## [TASK ITEM]
Reproduce the data exactly and drop any pictures it holds.
··· DATASET EXCERPT ···
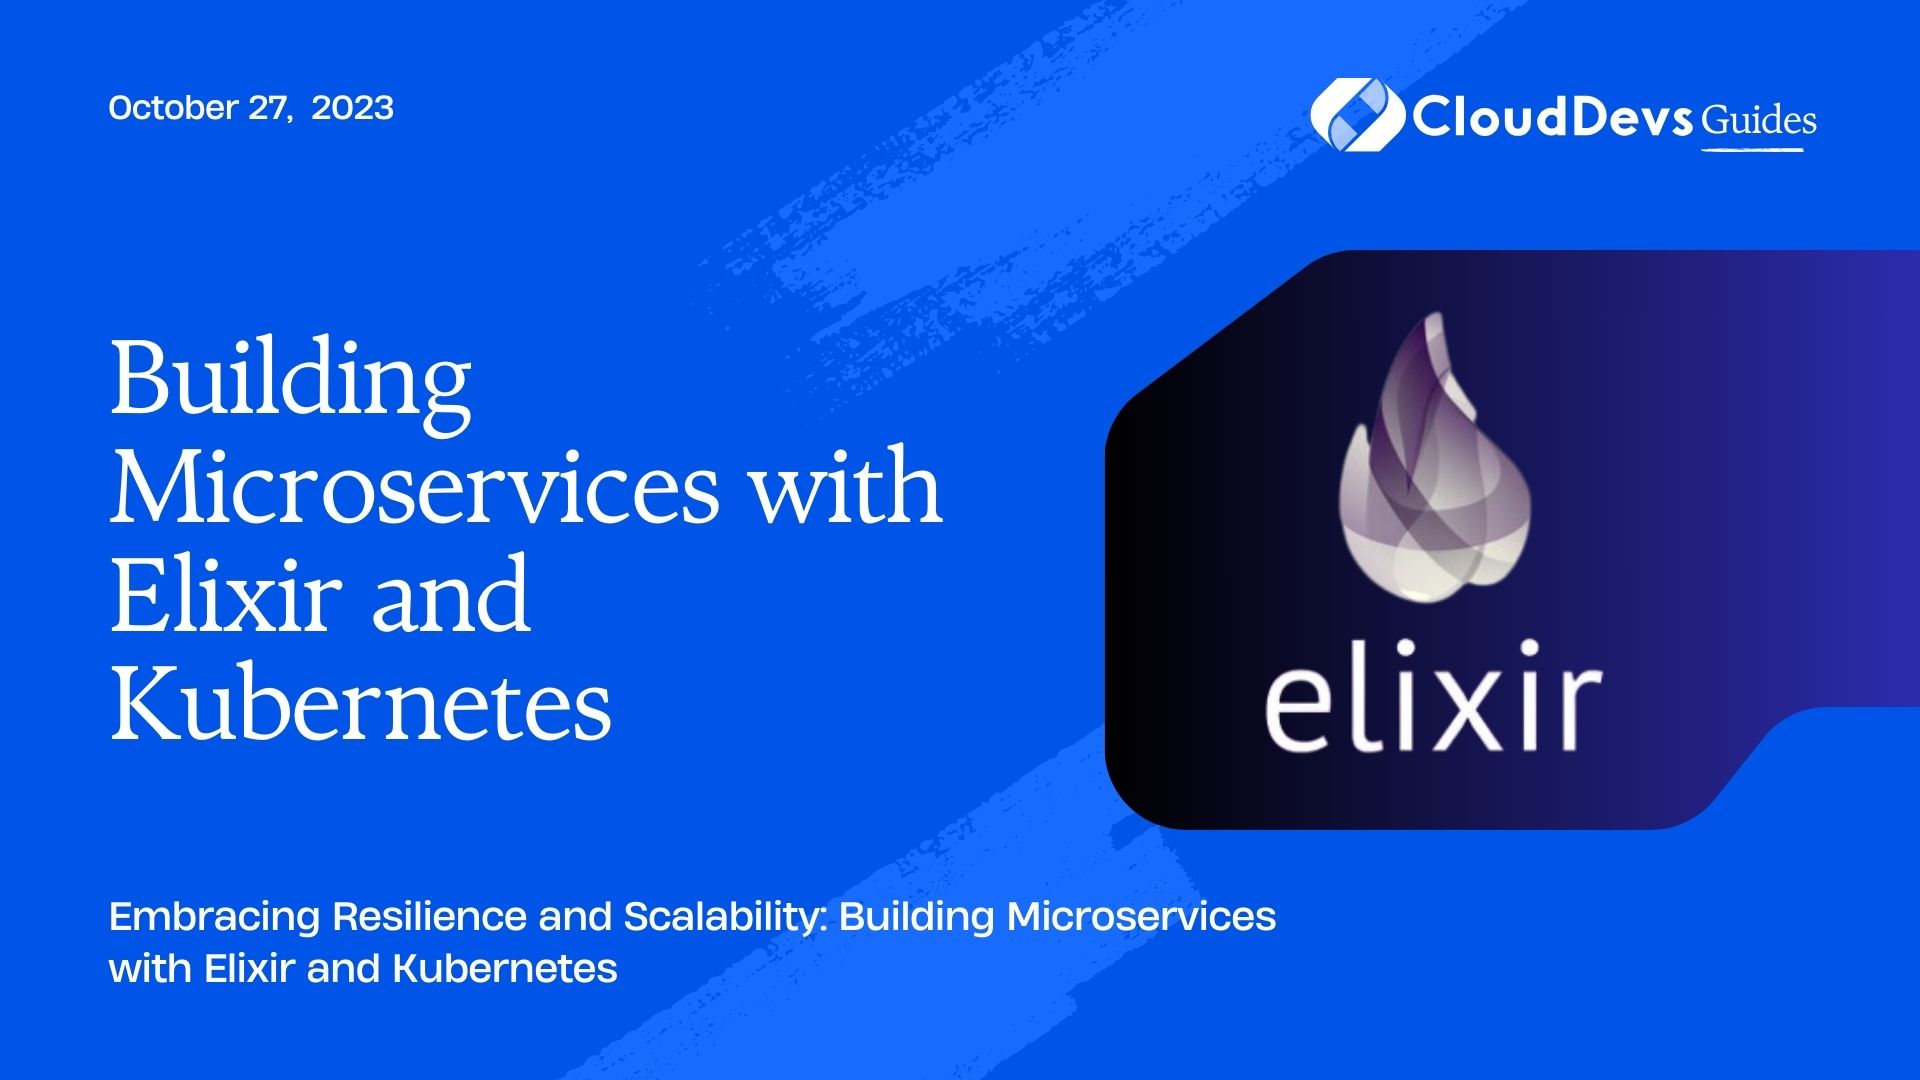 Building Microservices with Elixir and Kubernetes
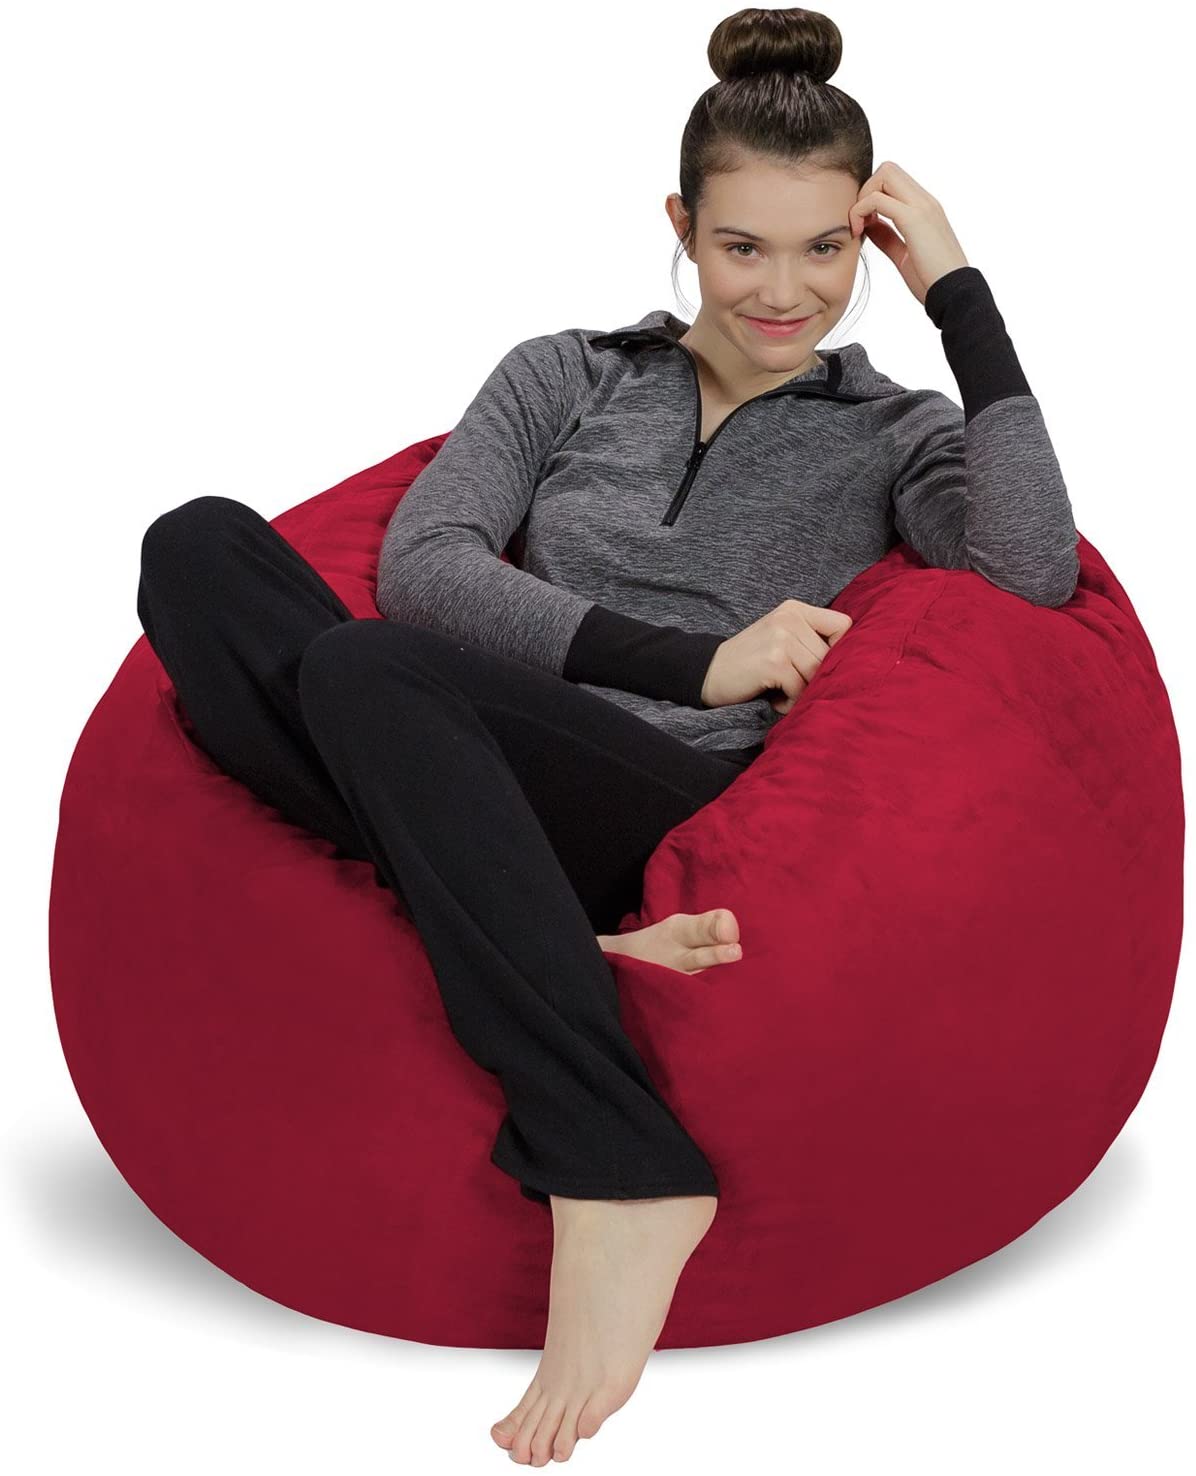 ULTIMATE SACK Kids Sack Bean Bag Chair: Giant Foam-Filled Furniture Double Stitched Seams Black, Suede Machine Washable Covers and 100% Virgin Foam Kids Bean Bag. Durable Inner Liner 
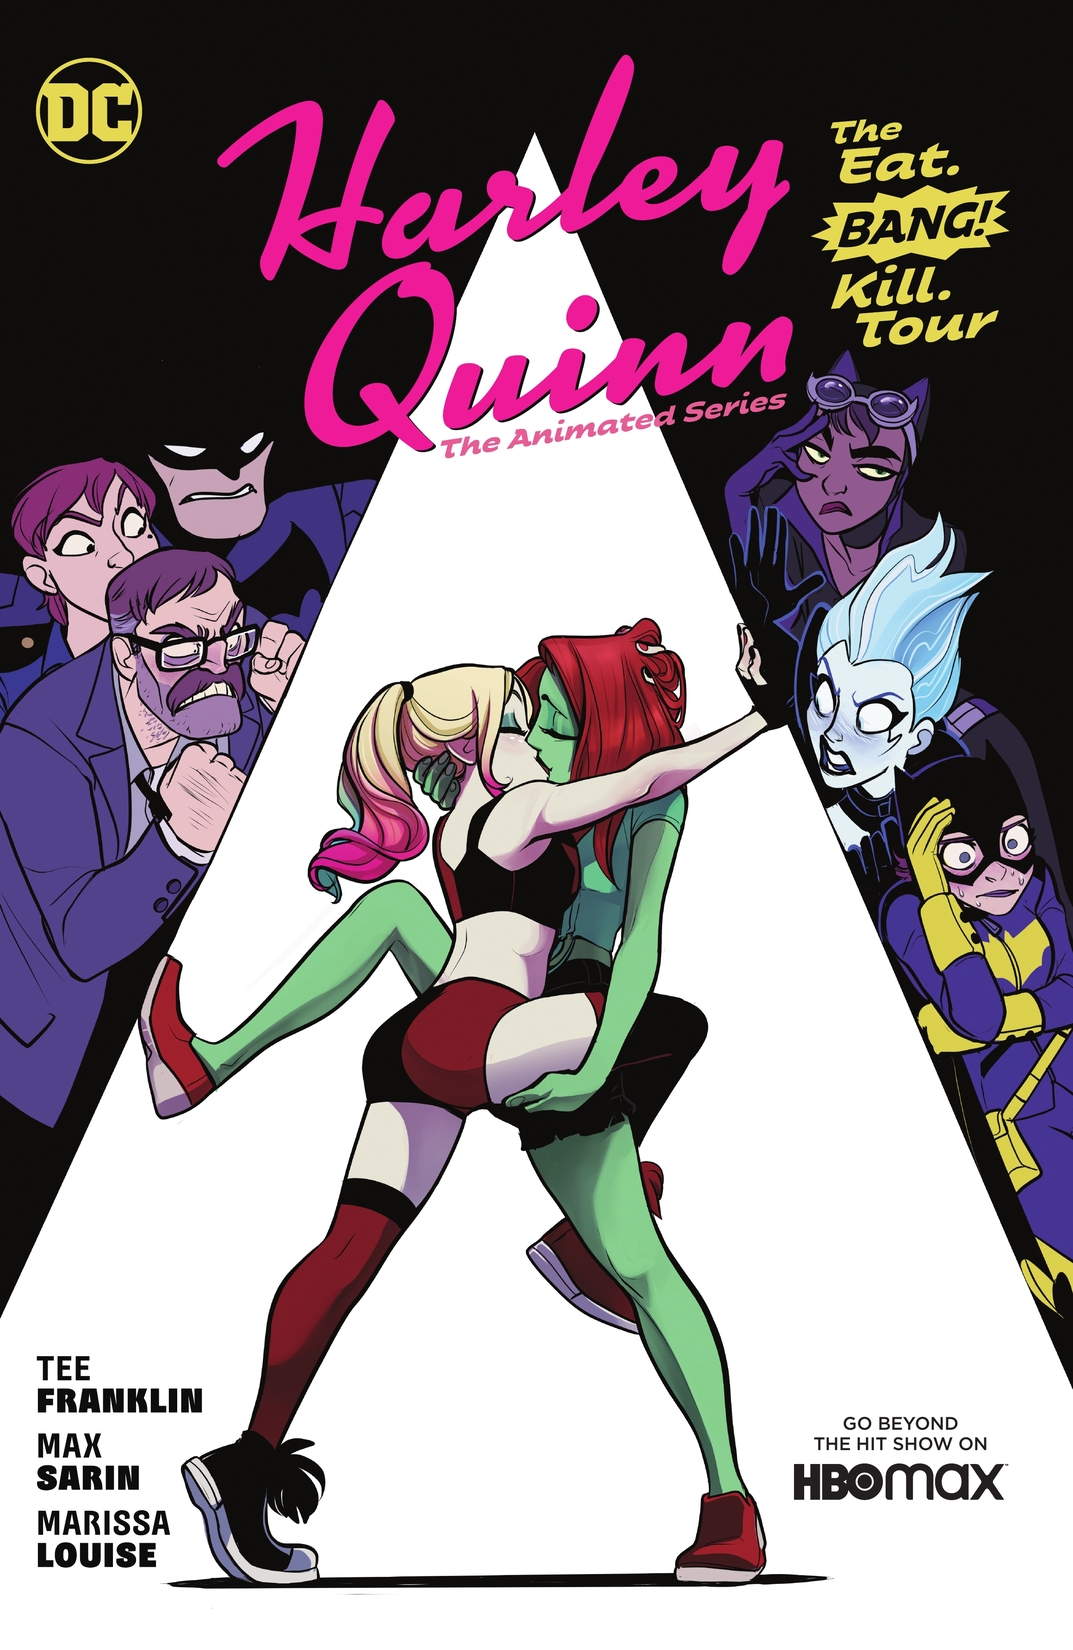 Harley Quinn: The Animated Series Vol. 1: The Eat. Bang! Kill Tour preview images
···
## [SOLUTION]
 Building Microservices with Elixir and Kubernetes
 ULTIMATE SACK Kids Sack Bean Bag Chair: Giant Foam-Filled Furniture Double Stitched Seams Black, Suede Machine Washable Covers and 100% Virgin Foam Kids Bean Bag. Durable Inner Liner 
 Harley Quinn: The Animated Series Vol. 1: The Eat. Bang! Kill Tour preview images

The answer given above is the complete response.